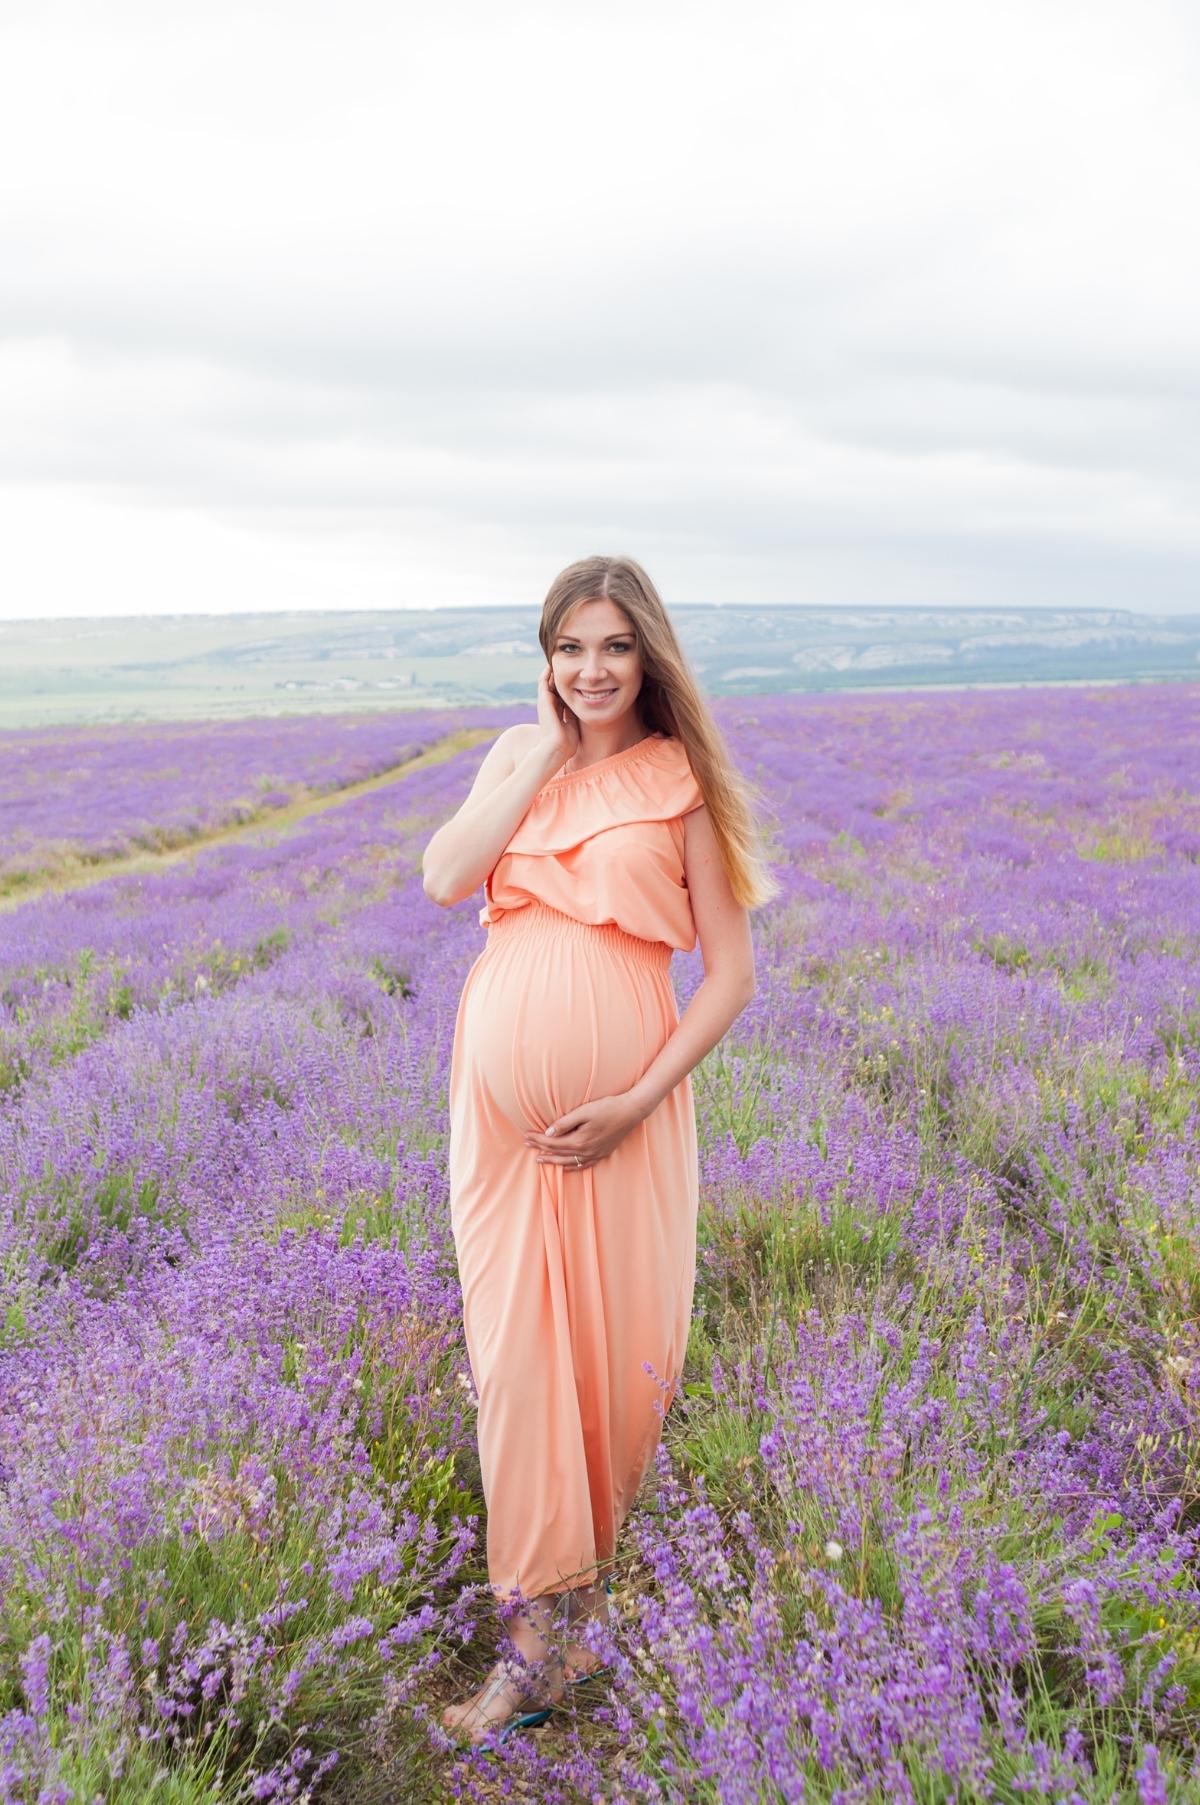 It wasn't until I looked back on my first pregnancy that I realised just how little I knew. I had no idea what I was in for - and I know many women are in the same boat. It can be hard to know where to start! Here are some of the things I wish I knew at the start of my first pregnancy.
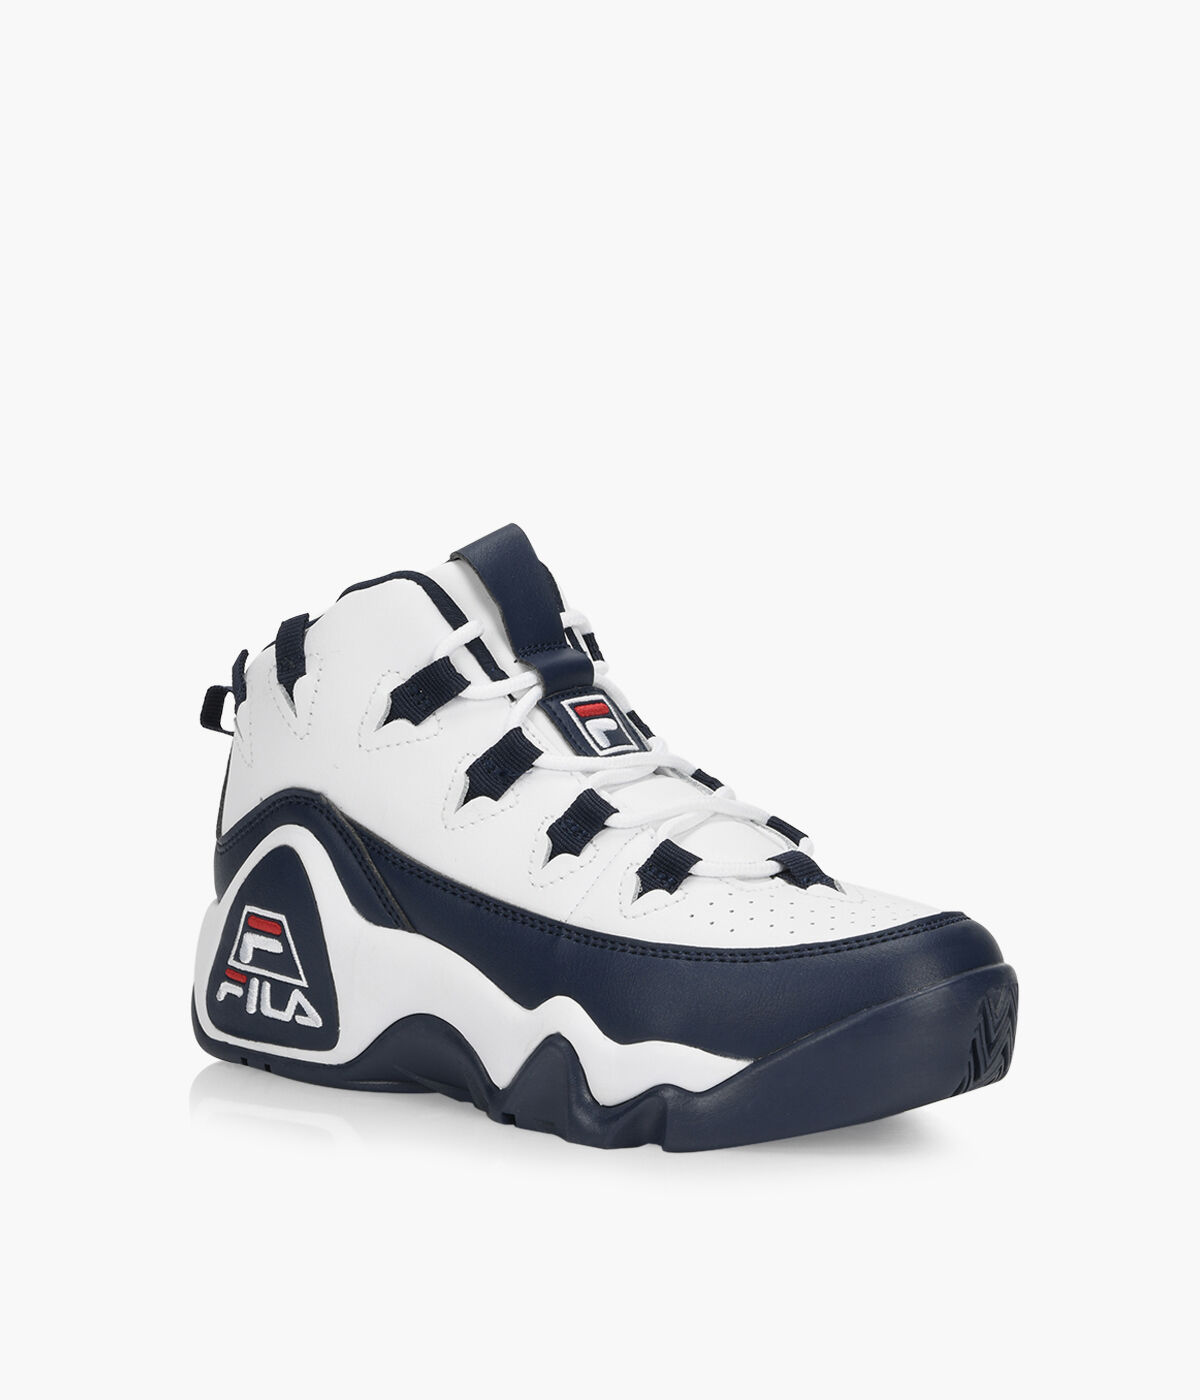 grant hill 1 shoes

---

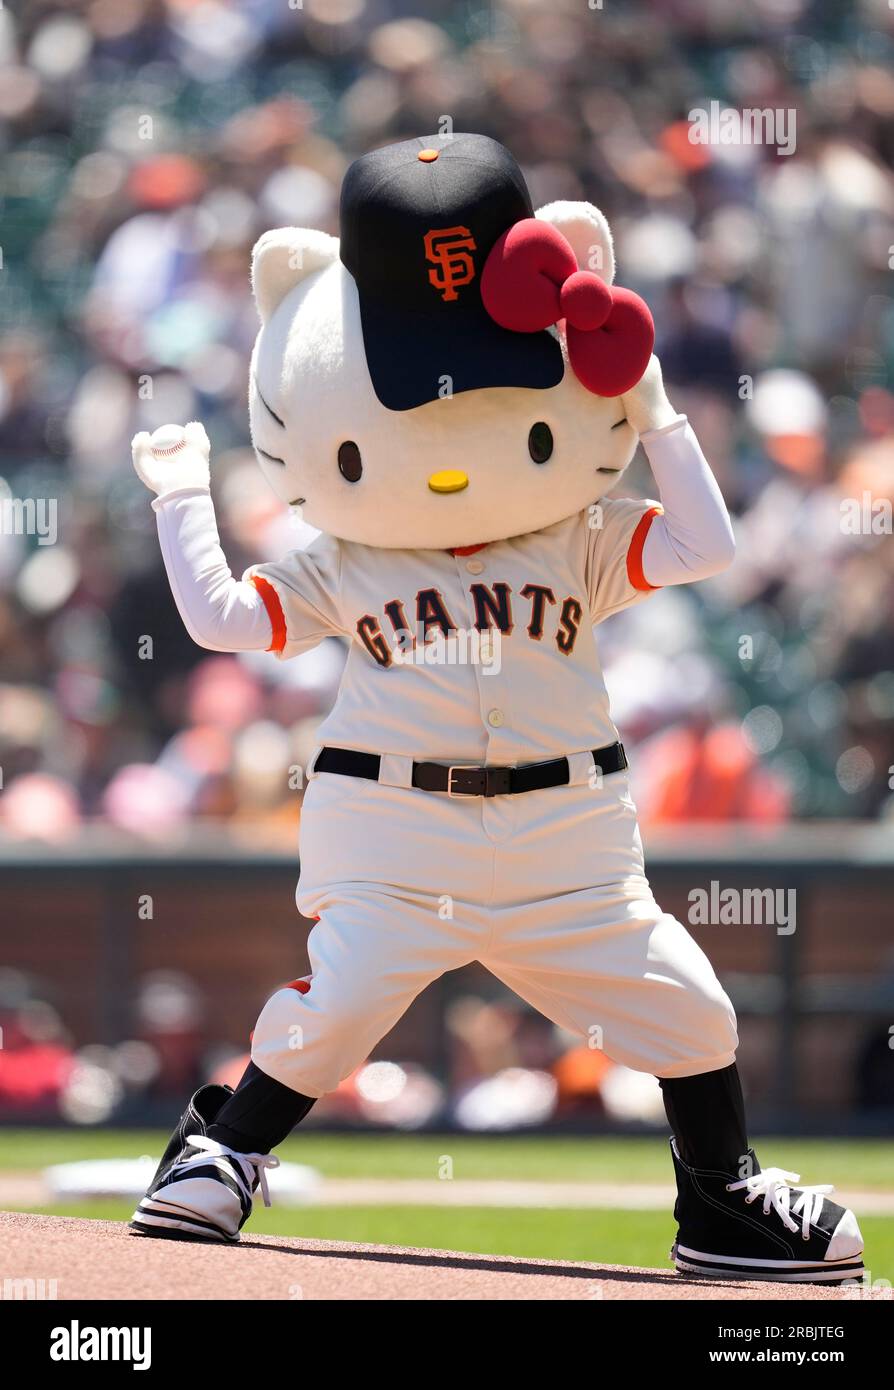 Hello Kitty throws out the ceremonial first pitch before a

> **TASK GOAL**
Above are some entries. Restate word for word the lines from the one holding "It wasn't until" through the one holding "grant hill 1 shoes", but not the pictures.

> **EXERCISE SOLUTION**
 It wasn't until I looked back on my first pregnancy that I realised just how little I knew. I had no idea what I was in for - and I know many women are in the same boat. It can be hard to know where to start! Here are some of the things I wish I knew at the start of my first pregnancy.
 grant hill 1 shoes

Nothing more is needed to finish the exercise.